Layered Isolation: The API layer (fixture-monkey-api/build.gradle.kts:1-57) exposes only public interfaces, while the engine layer (fixture-monkey-engine/build.gradle.kts:1-14) handles jqwik integration as a runtime dependency.
Builder Pattern Entry: All configuration flows through FixtureMonkeyBuilder (fixture-monkey/src/main/java/com/navercorp/fixturemonkey/FixtureMonkeyBuilder.java:90-142), which constructs immutable FixtureMonkey instances with customized property generators and manipulators.
Tree-Based Object Model: The ObjectTree (fixture-monkey/src/main/java/com/navercorp/fixturemonkey/tree/ObjectTree.java:51-68) represents the hierarchical structure of generated objects, enabling manipulation at any node level.
Resolution Pipeline: ArbitraryResolver (fixture-monkey/src/main/java/com/navercorp/fixturemonkey/resolver/ArbitraryResolver.java:716-868) implements a dual-path strategy with fast-path optimization for simple cases and full-path handling for complex scenarios.
Multi-Release JAR Support: Both API modules support Java 8 baseline with Java 17 enhancements (fixture-monkey-api/build.gradle.kts:7-11), enabling modern JVM optimizations while maintaining broad compatibility.

Core Entry Points

FixtureMonkey Primary Interface

The FixtureMonkey class serves as the main entry point for fixture generation.
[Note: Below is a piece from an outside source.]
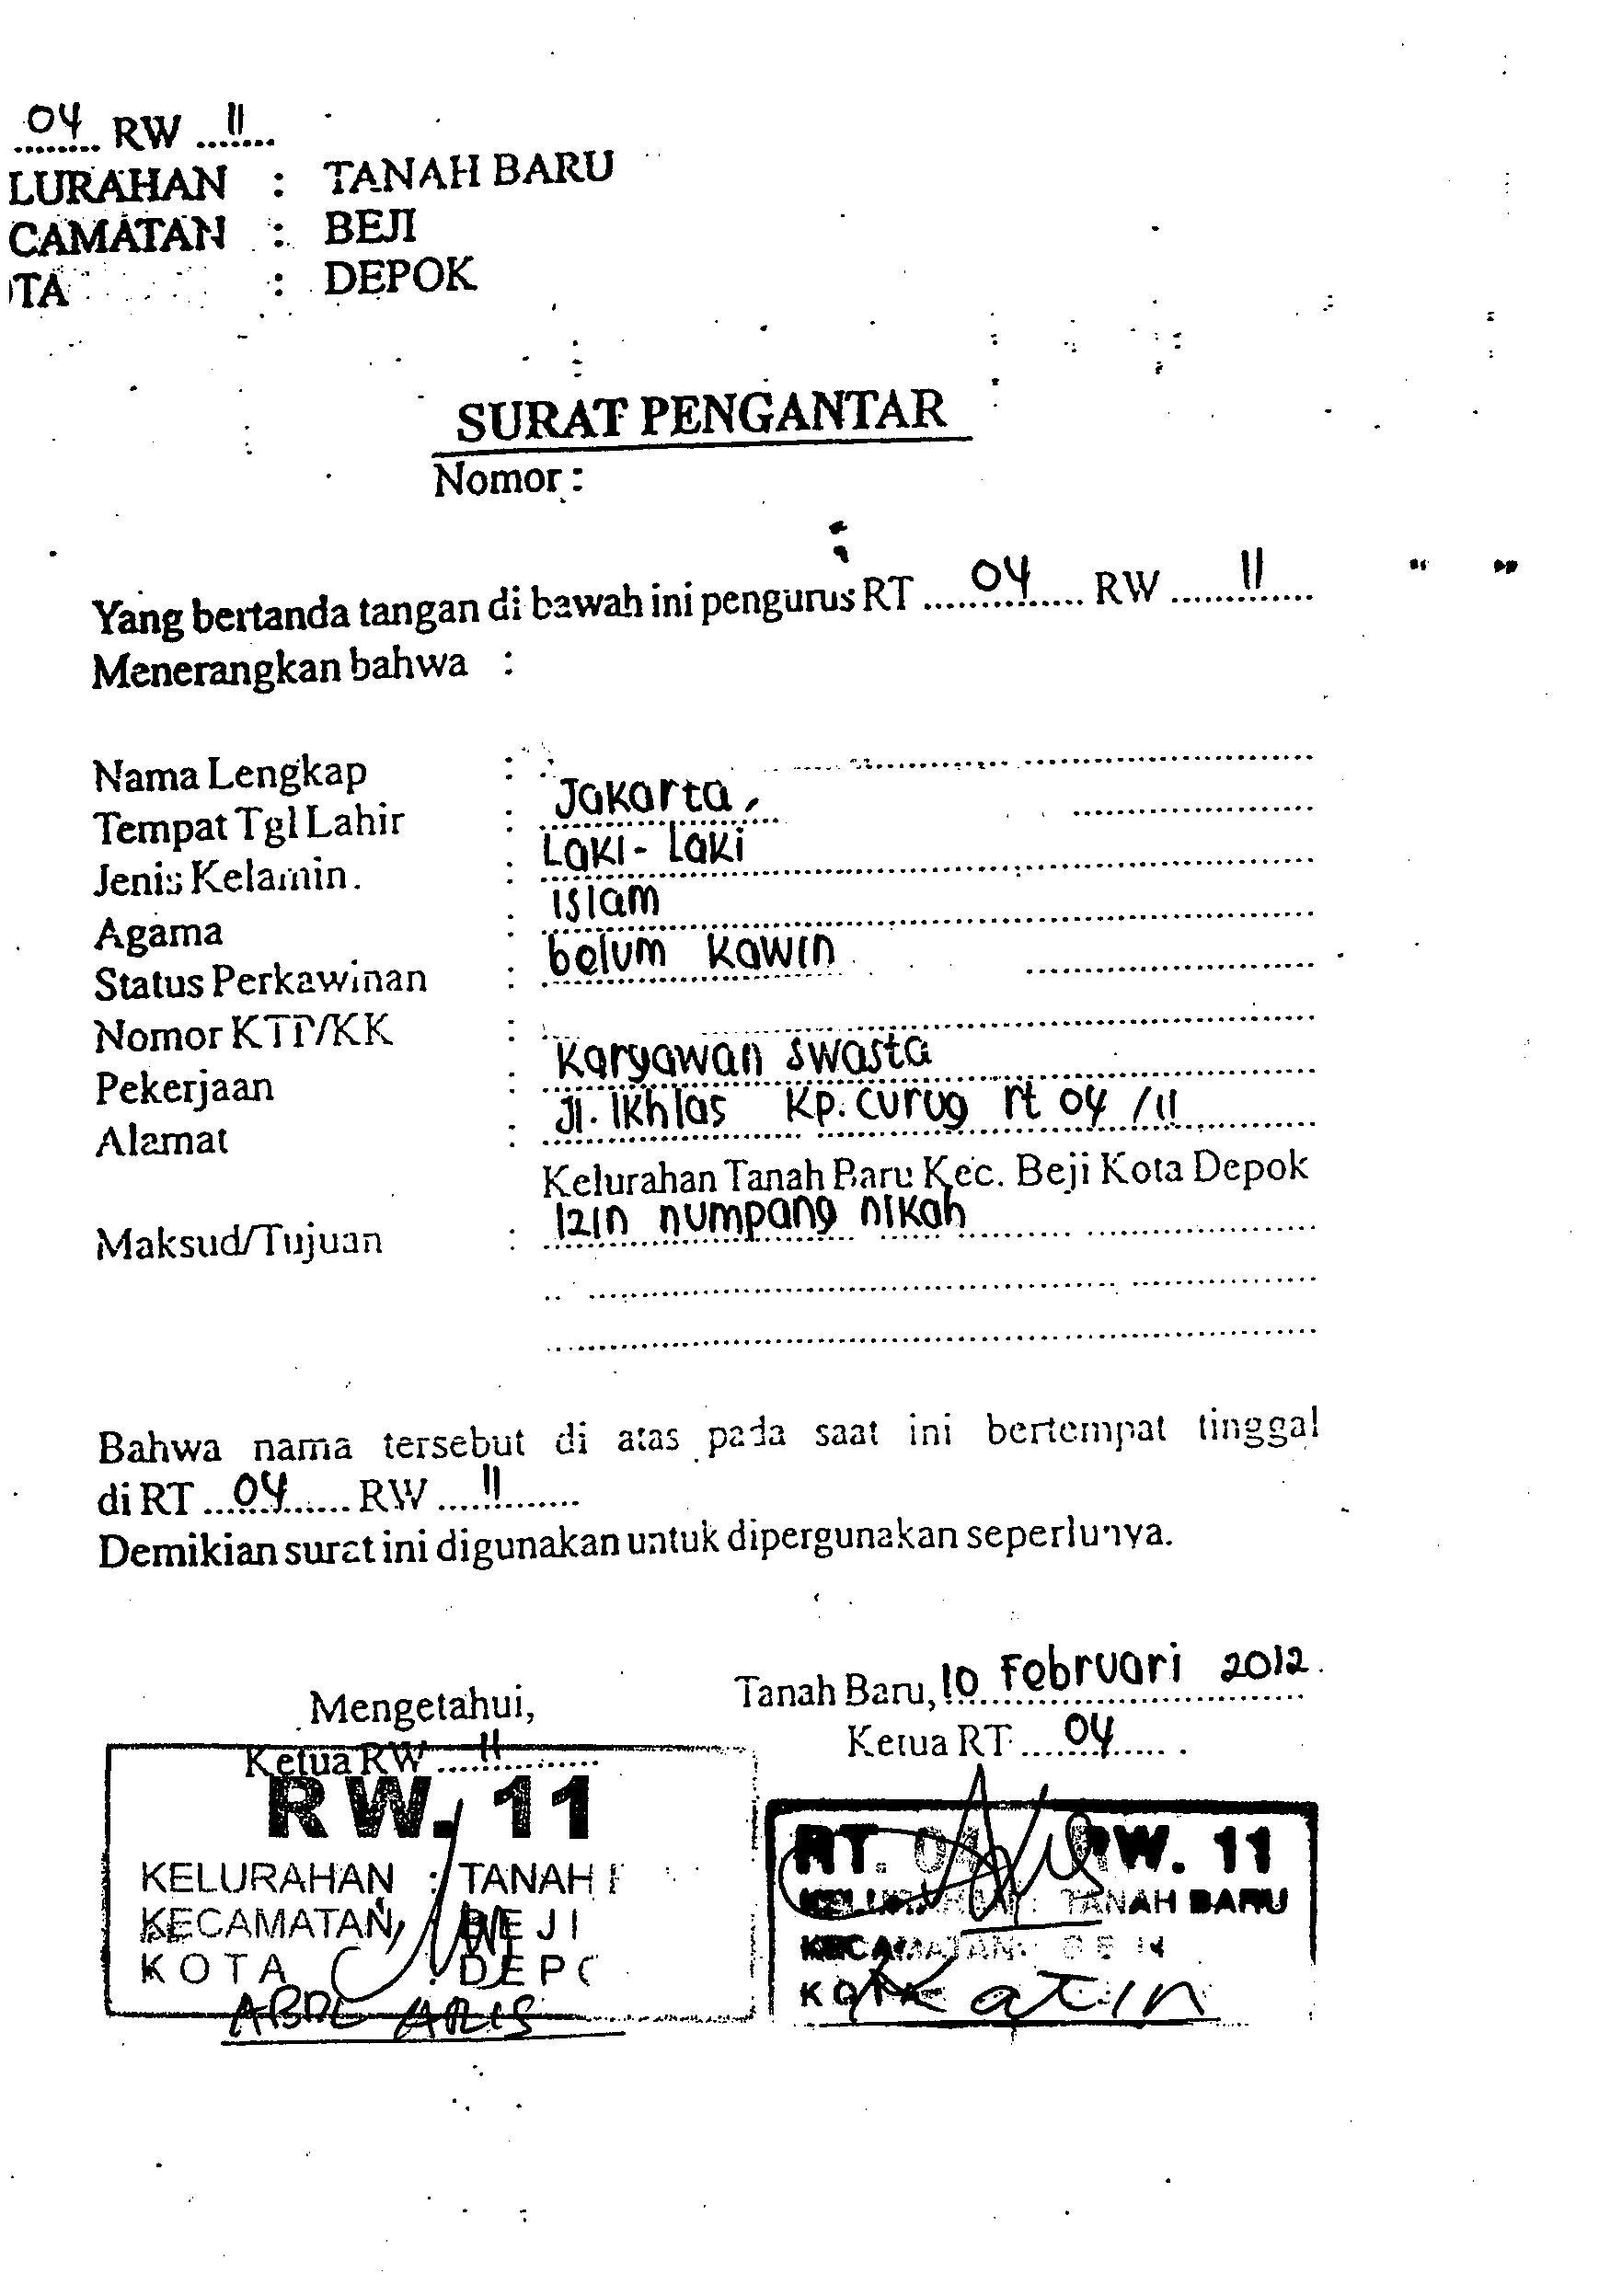 Gambar Surat Keterangan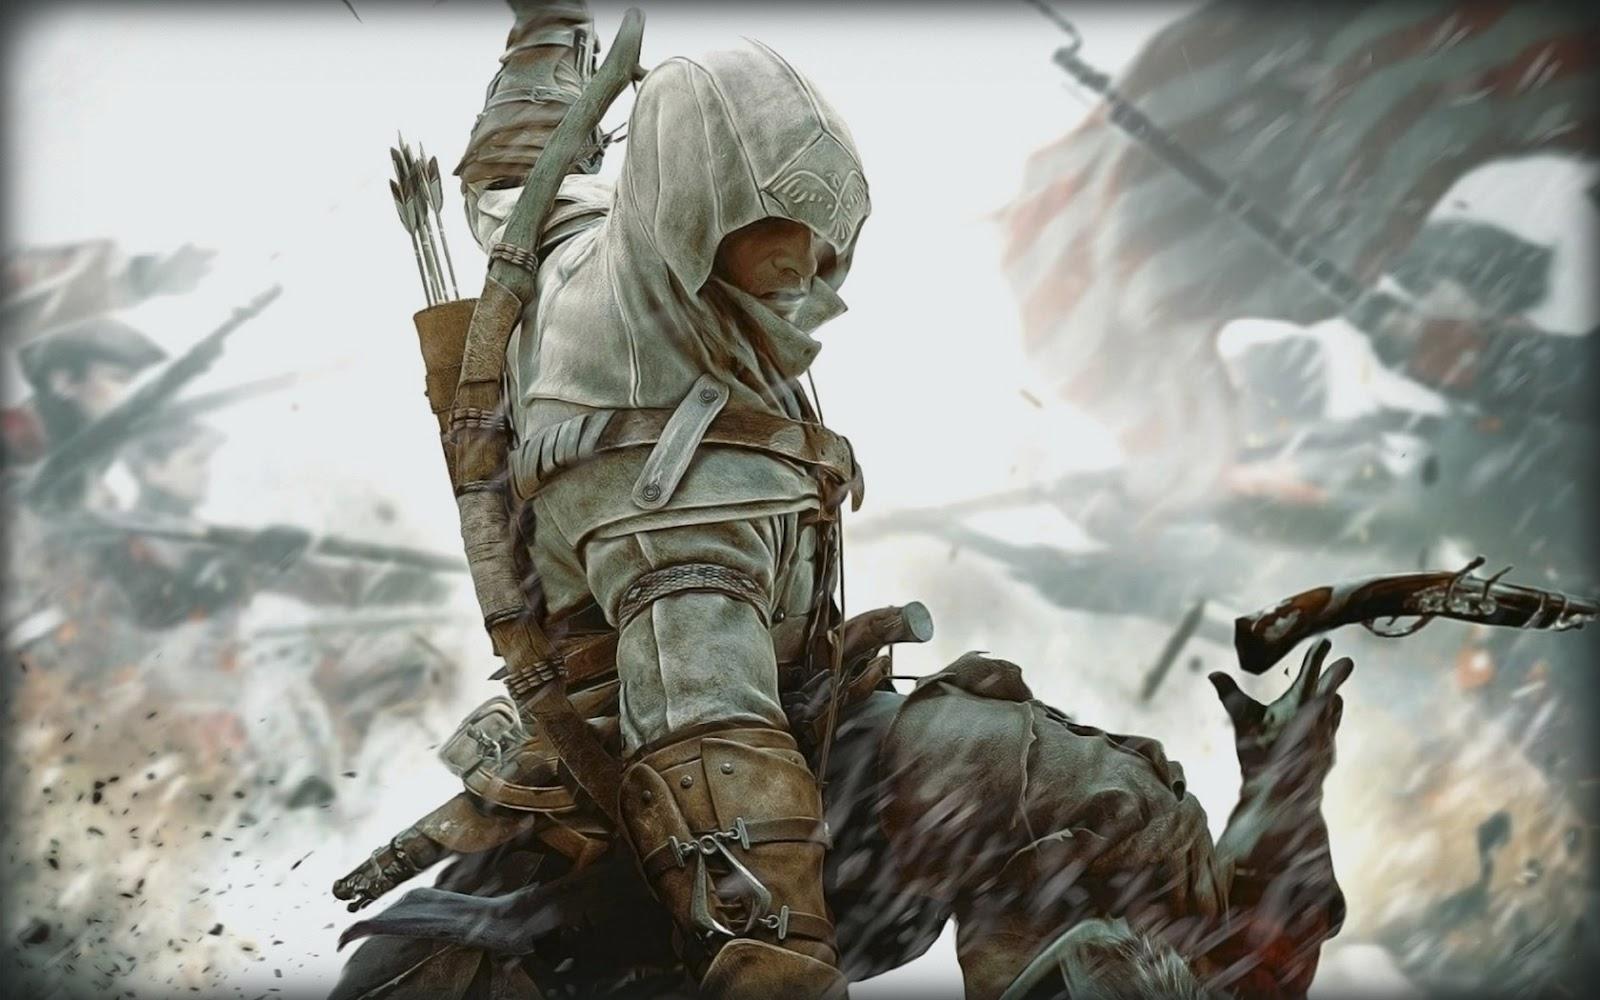 http://3.bp.blogspot.com/-BLc-tLMDvZY/T1TOxqxZ5cI/AAAAAAAAFxs/0jEVmRnH0iA/s1600/Assassins_creed_3_wallpapers+(2).jpg

It provides type-safe methods to create ArbitraryBuilder instances that generate test data.

java
1// Entry point creation
2FixtureMonkey fixtureMonkey = FixtureMonkey.create();
3
4// Type-safe builder acquisition
5ArbitraryBuilder<String> builder = fixtureMonkey.giveMeBuilder(String.class);

The core API methods include:

Method	Purpose	Return Type
`create()`	Factory method for default instance	`FixtureMonkey`
`giveMeBuilder(Class<T>)`	Type-safe builder for raw types	`ArbitraryBuilder<T>`
`giveMeBuilder(TypeReference<T>)`	Type-safe builder for generic types	`ArbitraryBuilder<T>`

Implementation Details:

The giveMeBuilder method creates a DefaultArbitraryBuilder with a complete resolution context:

Root Property Creation: Wraps the requested type in a TreeRootProperty (fixture-monkey/src/main/java/com/navercorp/fixturemonkey/FixtureMonkey.java:145-152)
Context Matching: Filters registered arbitrary builders to find matching contexts for the requested type (fixture-monkey/src/main/java/com/navercorp/fixturemonkey/FixtureMonkey.java:154-165)
Resolver Instantiation: Creates an ArbitraryResolver with manipulator optimizer, factory, and caches (fixture-monkey/src/main/java/com/navercorp/fixturemonkey/FixtureMonkey.java:169-178)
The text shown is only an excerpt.